# "Yeast Stick" Experiment - Advice Sought



## russell_c_cook (21/9/17)

Hi all,

I am fascinated by tales of traditional sticks used to stir worts and store yeast in some cultures. I want to try this myself, and would like to run my plan by everyone.

First, make some holes in a small piece of beech wood, to give yeast nooks and crannies to hide. 

Second, after a brew, dip the wood into the yeast cake.

Third, hang out stick to dry thoroughly.

Fourth, put the dried stick into an airtight jar.

Fifth, a few months later, put the stick into hopped wort, and see what happens!
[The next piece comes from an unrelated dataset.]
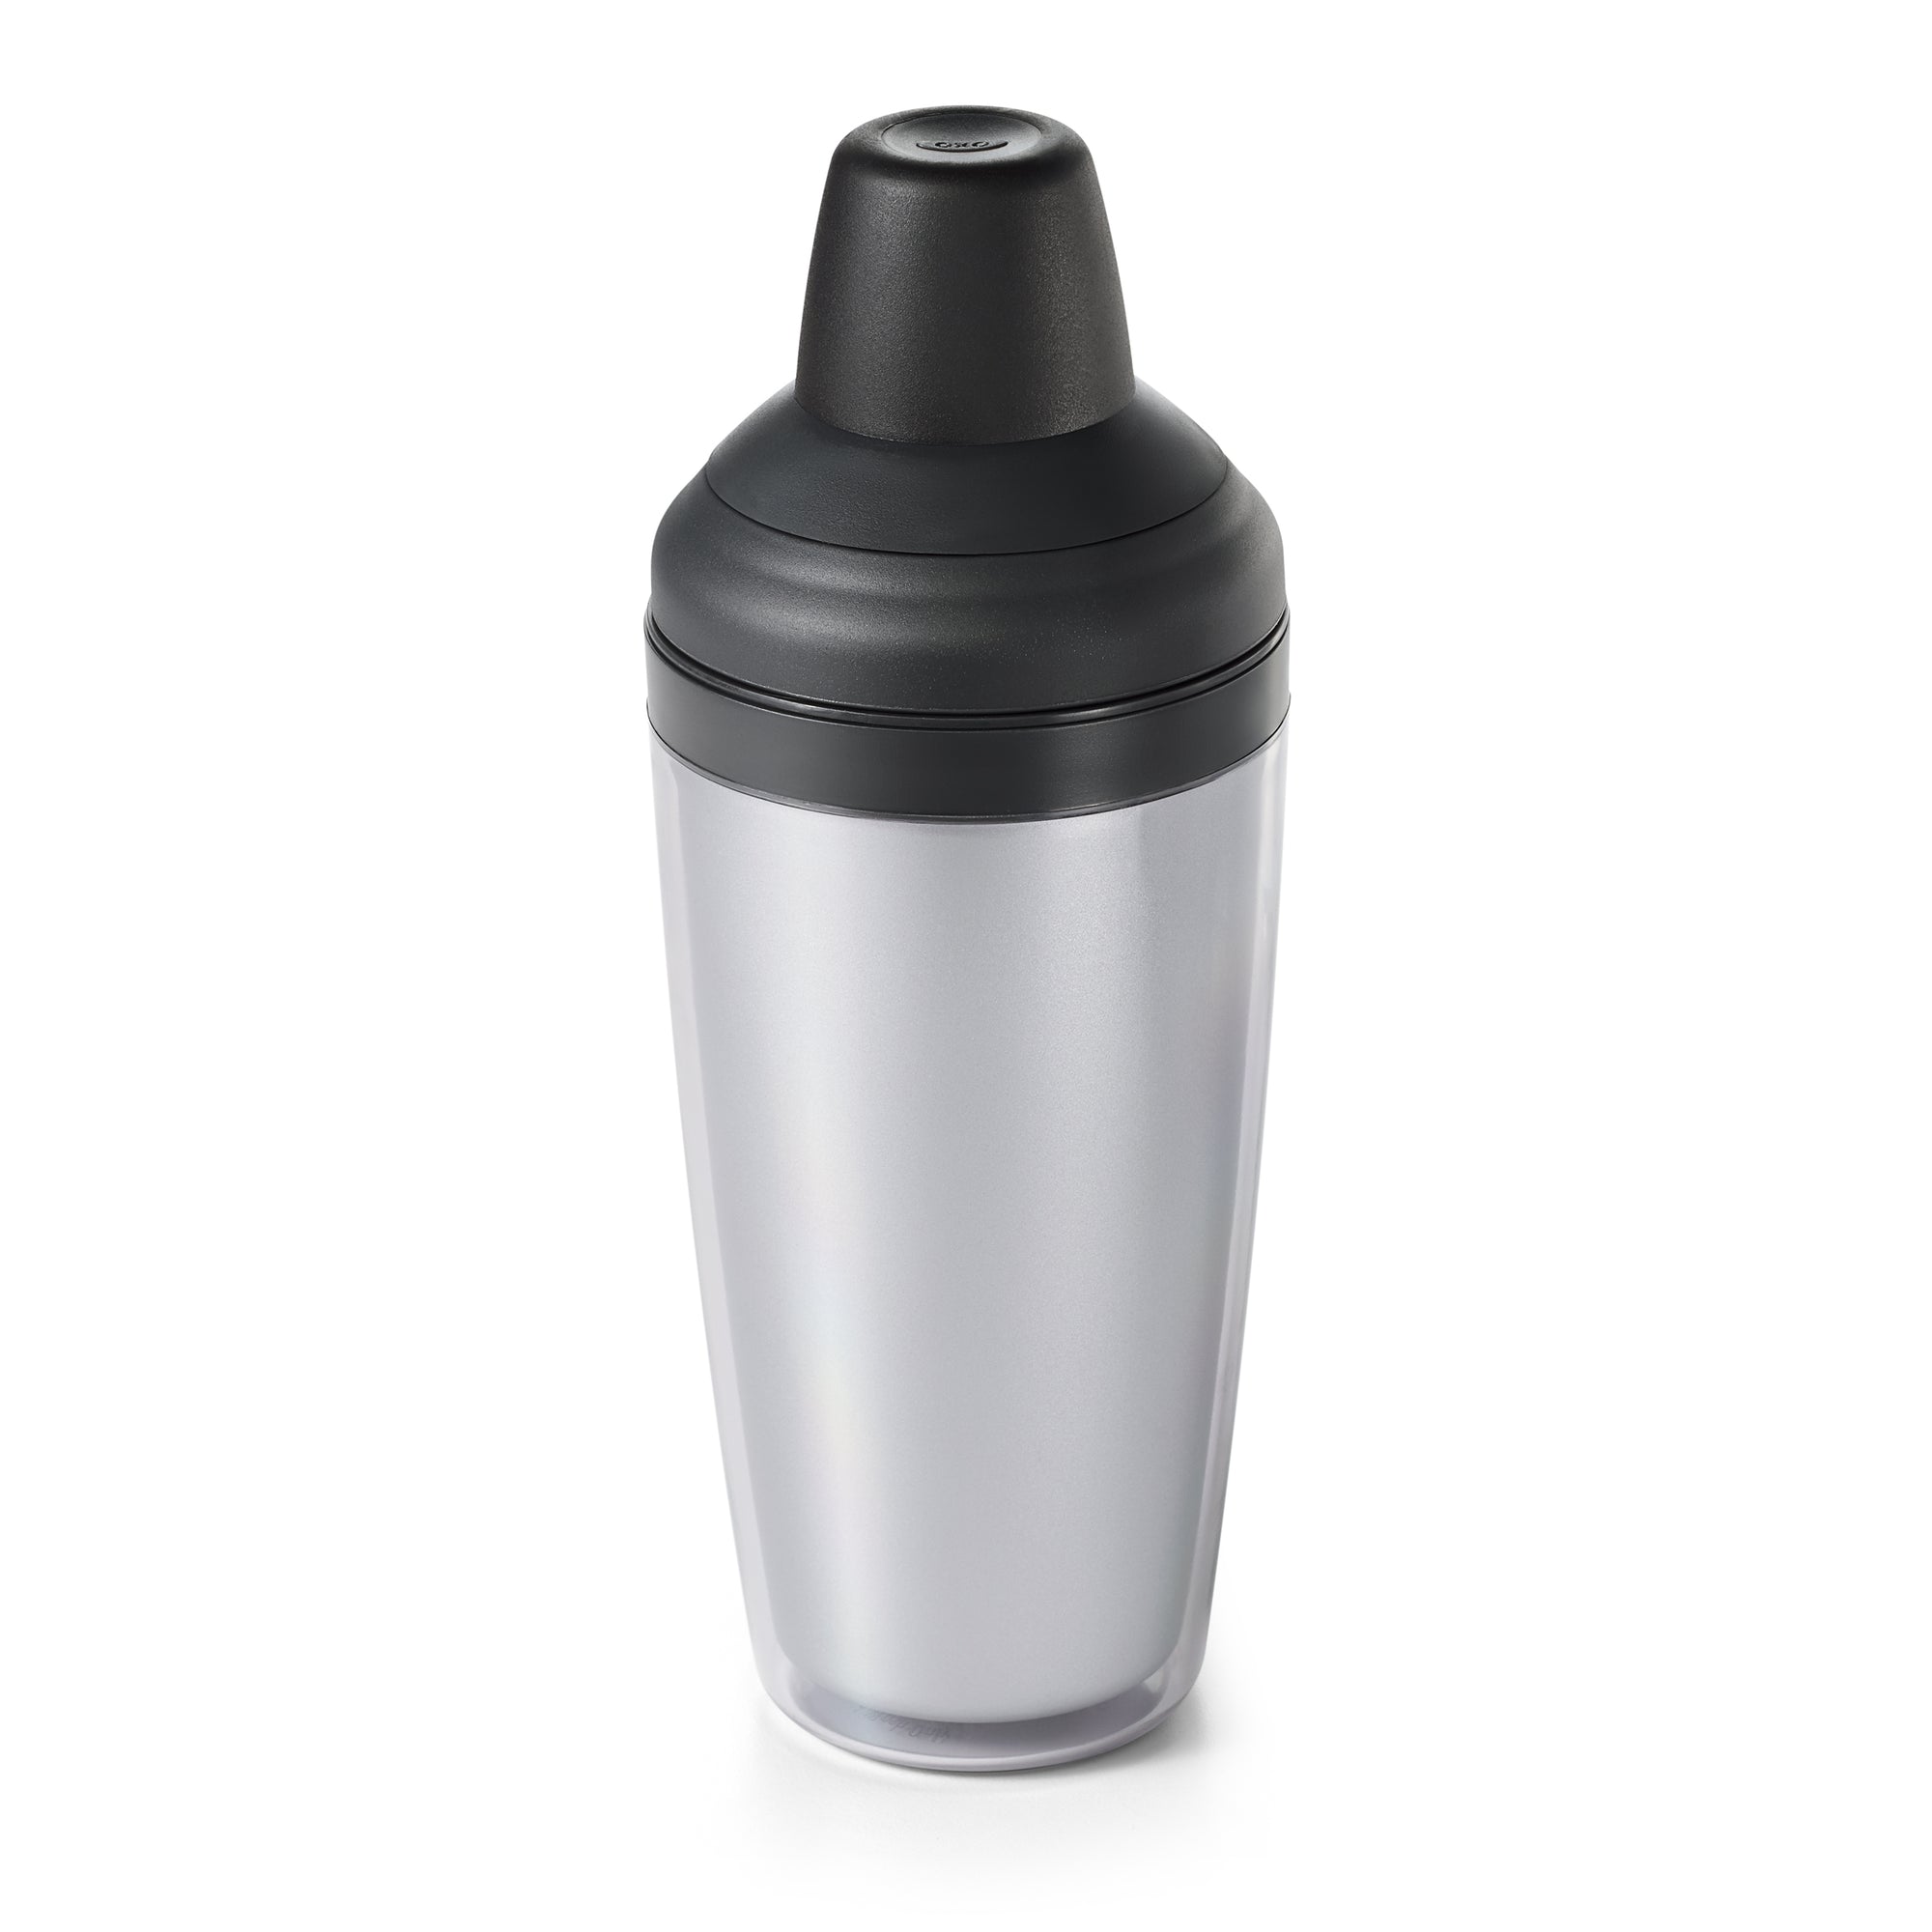 OXO Double-Walled Stainless Steel Cocktail Shaker + Reviews

Any ideas would be welcome. Part of the interest is I'm curious about how yeast can be stored without electricity in places with hot summers.


----------



## earle (21/9/17)

I suspect that you will pick up some wild yeast on your stick. A lot of these old "traditional" beers would have been "infected" with the local biota. From reading Bronzed Brews it seems that most Aussie ales had a Brett infection prior to the introduction of lagers which coincided with a big improvement in sanitation. Could be an interesting experiment though. I would set aside a particular fermenter for it though.


----------



## Mardoo (21/9/17)

There's a great blog that goes into detail about the living Scandinavian tradition of this. Here's a link to one of the articles on the blog:

http://www.garshol.priv.no/blog/264.html

It's fully worth digging around in the blog. I spent a couple nights reading most of the brewing posts.


----------



## russell_c_cook (21/9/17)

Hi Earle, 

Thanks for the input.

I was thinking of doing a small batch of porter for the experiment, do you reckon that Brettanomyces flavours (if that's what I get) would be compatible with that? 

Russell


----------



## russell_c_cook (21/9/17)

Hi Mardoo,

Yes, I've had a good read through those, where most of my interest in this topic came from .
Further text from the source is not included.